Action item - Your task is to quote the records from their first line through the line containing "The Flash: Fastest", with nothing added or left out.

Stored items
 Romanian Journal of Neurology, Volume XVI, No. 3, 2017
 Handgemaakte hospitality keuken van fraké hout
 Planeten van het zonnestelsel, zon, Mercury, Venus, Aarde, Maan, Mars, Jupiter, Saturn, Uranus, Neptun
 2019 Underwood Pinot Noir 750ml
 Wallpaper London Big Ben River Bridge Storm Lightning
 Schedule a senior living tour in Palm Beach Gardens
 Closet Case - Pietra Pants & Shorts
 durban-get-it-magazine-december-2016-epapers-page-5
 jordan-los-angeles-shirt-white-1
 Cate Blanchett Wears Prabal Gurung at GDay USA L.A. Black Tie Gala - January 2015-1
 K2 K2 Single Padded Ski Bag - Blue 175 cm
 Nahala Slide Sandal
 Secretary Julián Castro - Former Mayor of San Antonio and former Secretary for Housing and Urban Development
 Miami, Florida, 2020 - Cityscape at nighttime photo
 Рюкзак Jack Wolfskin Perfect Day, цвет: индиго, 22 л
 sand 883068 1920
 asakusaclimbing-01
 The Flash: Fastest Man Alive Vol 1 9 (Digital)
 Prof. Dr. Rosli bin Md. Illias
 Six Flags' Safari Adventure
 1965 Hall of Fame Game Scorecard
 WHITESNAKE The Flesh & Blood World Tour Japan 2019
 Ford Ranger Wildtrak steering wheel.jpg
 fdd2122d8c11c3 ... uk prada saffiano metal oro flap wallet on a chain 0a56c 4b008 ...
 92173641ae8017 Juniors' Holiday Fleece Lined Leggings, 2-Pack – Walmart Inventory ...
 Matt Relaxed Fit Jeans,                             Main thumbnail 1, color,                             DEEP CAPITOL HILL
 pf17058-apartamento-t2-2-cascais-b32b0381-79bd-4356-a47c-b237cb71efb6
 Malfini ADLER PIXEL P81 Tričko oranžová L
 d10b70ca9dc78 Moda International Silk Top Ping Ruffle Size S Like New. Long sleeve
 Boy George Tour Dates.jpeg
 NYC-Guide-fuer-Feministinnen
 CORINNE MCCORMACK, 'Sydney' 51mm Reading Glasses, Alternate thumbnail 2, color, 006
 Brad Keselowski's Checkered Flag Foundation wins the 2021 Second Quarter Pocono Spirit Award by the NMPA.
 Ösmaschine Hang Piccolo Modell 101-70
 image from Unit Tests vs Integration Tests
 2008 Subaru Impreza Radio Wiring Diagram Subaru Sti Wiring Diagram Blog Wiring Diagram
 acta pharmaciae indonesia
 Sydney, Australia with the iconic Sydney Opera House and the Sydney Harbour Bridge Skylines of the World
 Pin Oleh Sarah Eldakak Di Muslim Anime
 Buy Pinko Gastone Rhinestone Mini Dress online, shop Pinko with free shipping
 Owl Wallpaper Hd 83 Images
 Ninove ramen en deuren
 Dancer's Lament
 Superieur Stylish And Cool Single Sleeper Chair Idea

Response below -
 Romanian Journal of Neurology, Volume XVI, No. 3, 2017
 Handgemaakte hospitality keuken van fraké hout
 Planeten van het zonnestelsel, zon, Mercury, Venus, Aarde, Maan, Mars, Jupiter, Saturn, Uranus, Neptun
 2019 Underwood Pinot Noir 750ml
 Wallpaper London Big Ben River Bridge Storm Lightning
 Schedule a senior living tour in Palm Beach Gardens
 Closet Case - Pietra Pants & Shorts
 durban-get-it-magazine-december-2016-epapers-page-5
 jordan-los-angeles-shirt-white-1
 Cate Blanchett Wears Prabal Gurung at GDay USA L.A. Black Tie Gala - January 2015-1
 K2 K2 Single Padded Ski Bag - Blue 175 cm
 Nahala Slide Sandal
 Secretary Julián Castro - Former Mayor of San Antonio and former Secretary for Housing and Urban Development
 Miami, Florida, 2020 - Cityscape at nighttime photo
 Рюкзак Jack Wolfskin Perfect Day, цвет: индиго, 22 л
 sand 883068 1920
 asakusaclimbing-01
 The Flash: Fastest Man Alive Vol 1 9 (Digital)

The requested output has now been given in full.